There are three common approaches for studying disturbance propagation, i.e., the direct numerical simulation (DNS), the parabolized stability equation (PSE)[1], and the LST[2-3]. The DNS is usually adopted in the research on scientific problems. Due to the high precision and low efficiency, the model configuration in the DNS is often simple. The results obtained from the DNS are often used as the benchmark of other methods. An alternative method is the PSE. Compared with the DNS, the PSE improves the efficiency of the DNS. It ignores the secondary variation of the disturbance shape function in the streamwise direction. The PSE is usually adopted as a perfect tool to predict the evolution of the disturbances in 2D boundary layers. Nevertheless, for 3D boundary layers, the PSE is complex in the implement, and a further development is required for the practical problems. The LST is the simplest among the three methods. It has been widely adopted in engineering applications and theoretical research because of its advantages in efficiency and implement. It is easy to be adopted in the eN method with the saddle point method for transition prediction.
In 2D boundary layers, both the LST and the PSE can give excellent results. Unfortunately, the external flows of most flight vehicles are often 3D. The diversity and complexity make it extremely difficult in predicting small disturbance propagation in 3D boundary layers. According to the characteristics of 3D boundary layers in the spanwise direction, complex 3D boundary layers can be categorized into four types as follows:
(ⅰ) The first type is the 3D boundary layers where the mean flow is homogeneous in the spanwise direction. In such 3D boundary layers, the spanwise velocity is allowed but the derivative of the flow quantities in the spanwise direction must be zero, e.g., the flow on an infinite swept wing or flat plate. The characteristic of such a boundary layer makes the spanwise wavenumber fixed when a disturbance is propagating. As a result, fixing the spanwise wavenumber is a proper method. The conventional LST and PSE can provide perfect results by fixing the spanwise wavenumber[4-6].

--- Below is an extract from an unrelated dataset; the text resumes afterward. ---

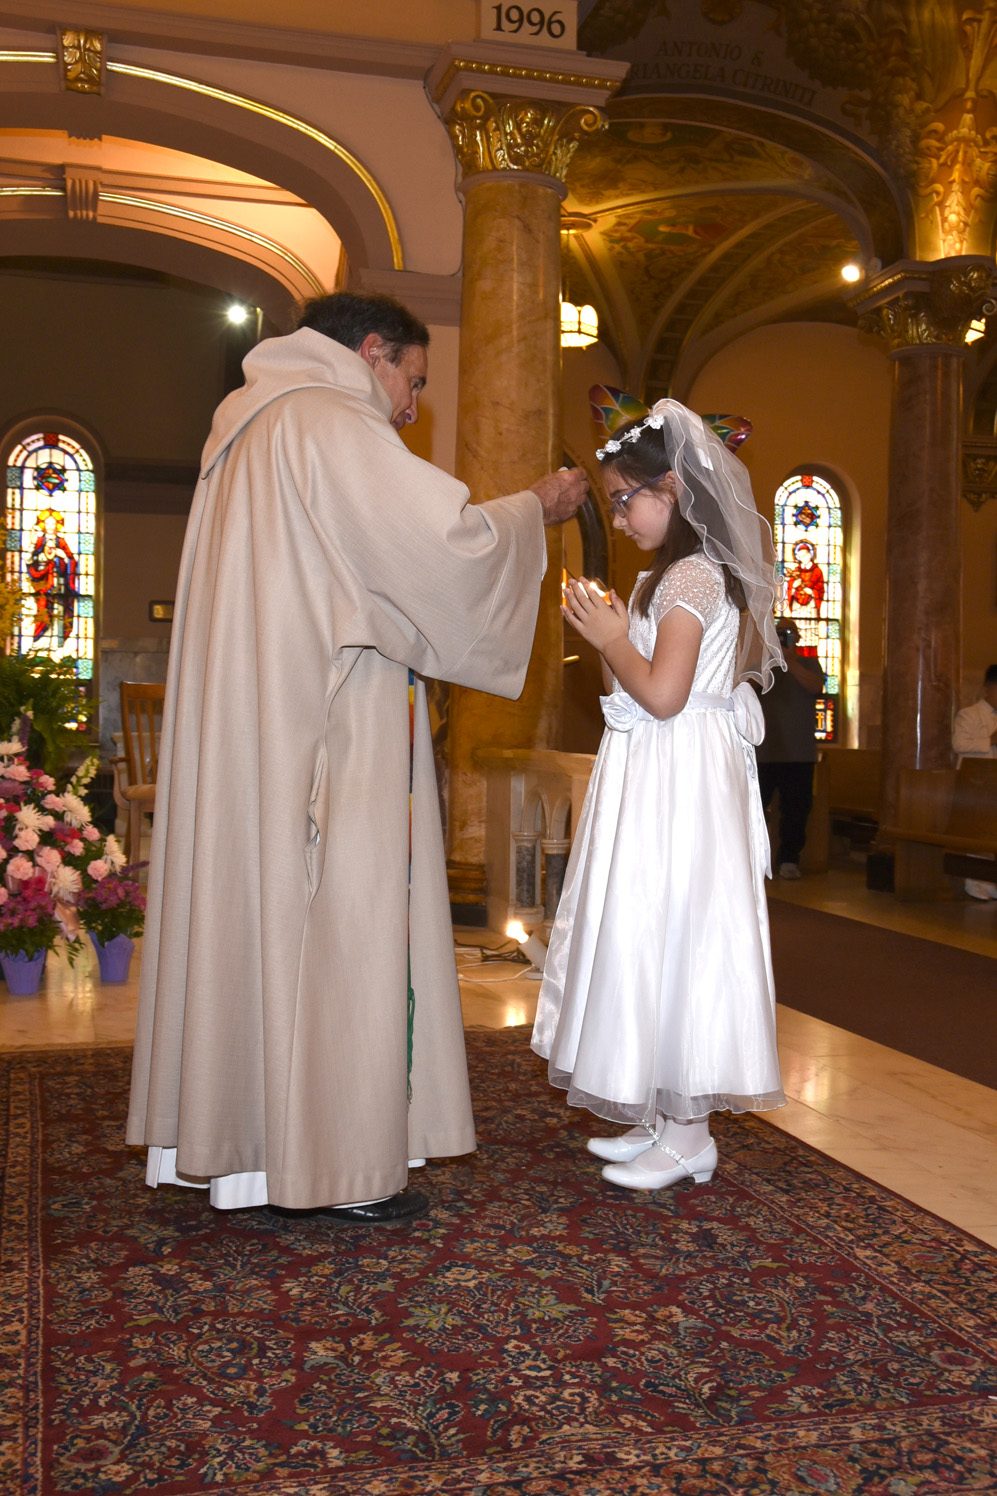 FIRST-COMMUNION-MAY-16-2021-233
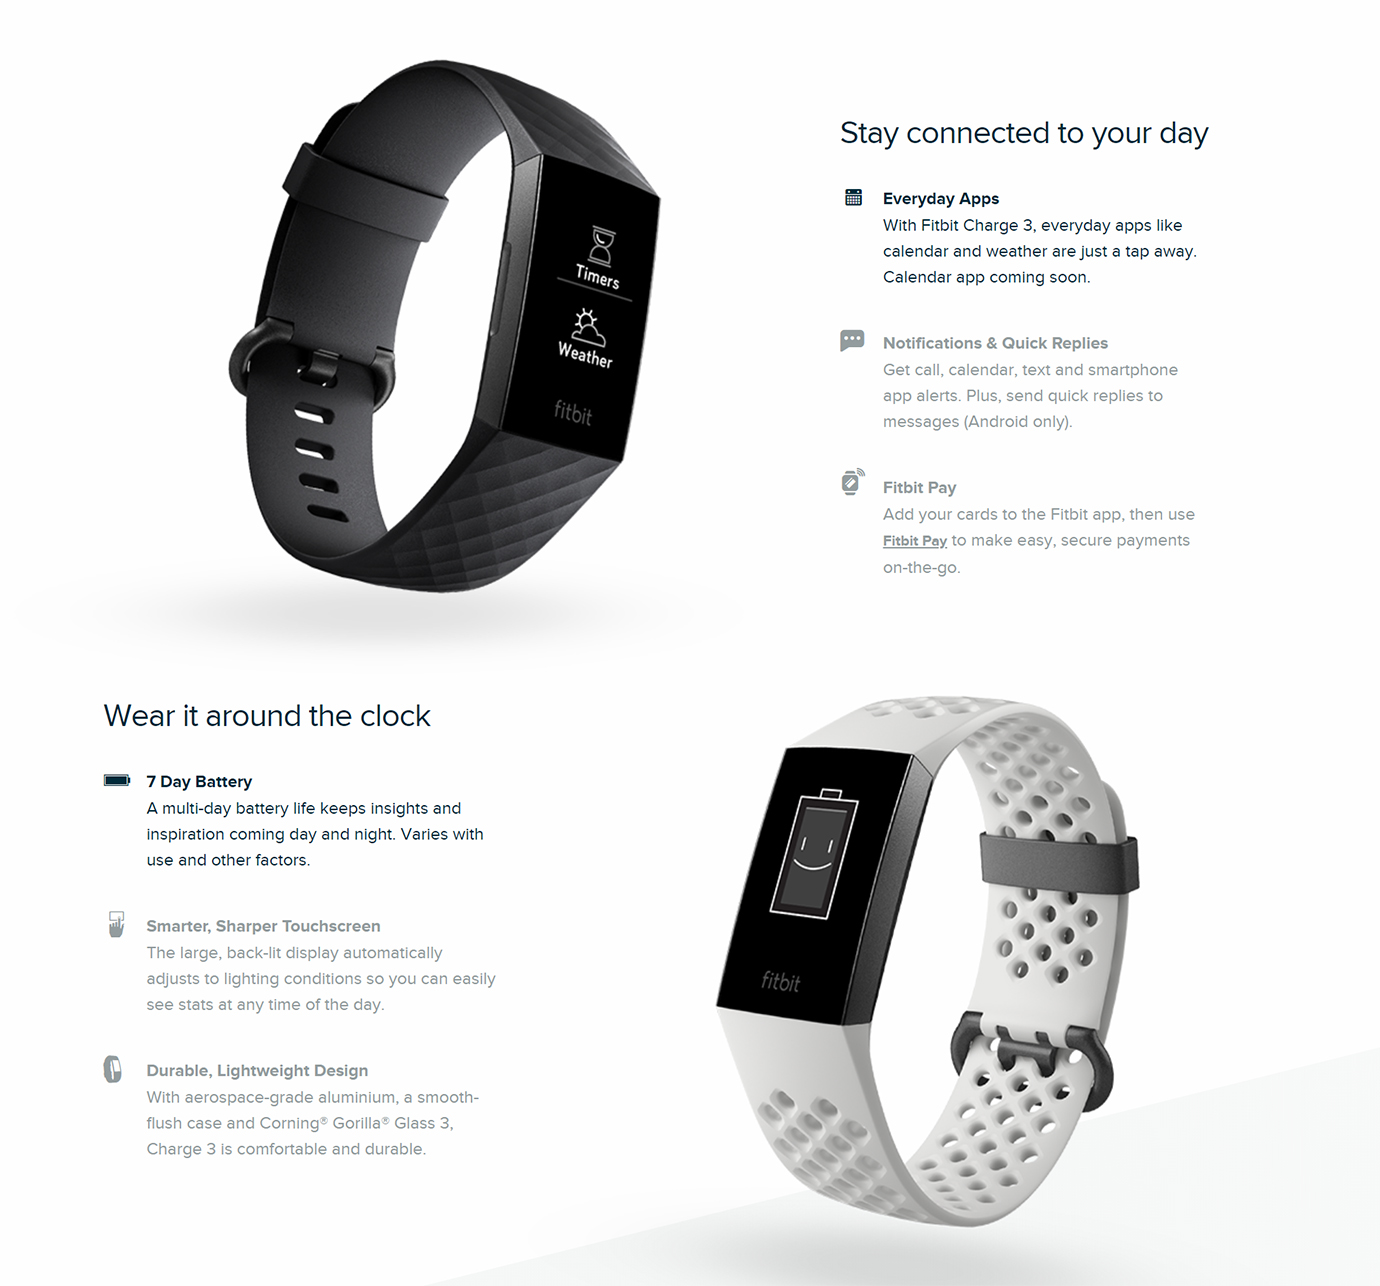 is the fitbit charge 3 compatible with iphone

(ⅱ) The second type is the 3D boundary layers where the variations of the flow in the spanwise and streamwise directions are in the same order. In this case, the instability is still local as 2D boundary layers, but the spanwise wavenumber of the disturbance is variable. There are often two problems in predicting the evolution of a disturbance. The first one is how to decide the direction of the disturbance, and the second one is how to choose the spanwise wavenumber. Spall and Malik[7] analyzed the stability over a prolate spheroid at an angle of attack (AOA) of 10°. They pointed out that the amplitude could be integrated along the group velocity direction, which agreed excellently with the experiment by Meier and Kreplin[8]. Chang[9] extended the PSE to 3D boundary layers in LASTRAC. In his code, the local line-marching approach was adopted along the inviscid flow direction or the group velocity direction. Without a method to decide the direction of a disturbance in a 3D boundary layer, the spanwise wavenumber is still a difficult problem. The ray tracing method (RTM) is a considerable selection, which is derived for conservative system. By extending the RTM to non-conservative system, Yu[10] and Zhao et al.[11] tried to predict the small disturbance propagation in a practical model by combing the LST with the RTM, and the results were satisfied.
(ⅲ) The third type is the 3D boundary layers where the variations in the spanwise and wall-normal directions are in the same order. Under this condition, the global stability theory is a good choice. In this method, the shape function of the disturbance is considered as a global one in the normal and spanwise cross planes[12-14]. The global spatial growth rate can be obtained in a spatial problem. However, a very large-scale eigenvalue problem must be solved to catch the result. Therefore, it is not suitable for the applications in engineering.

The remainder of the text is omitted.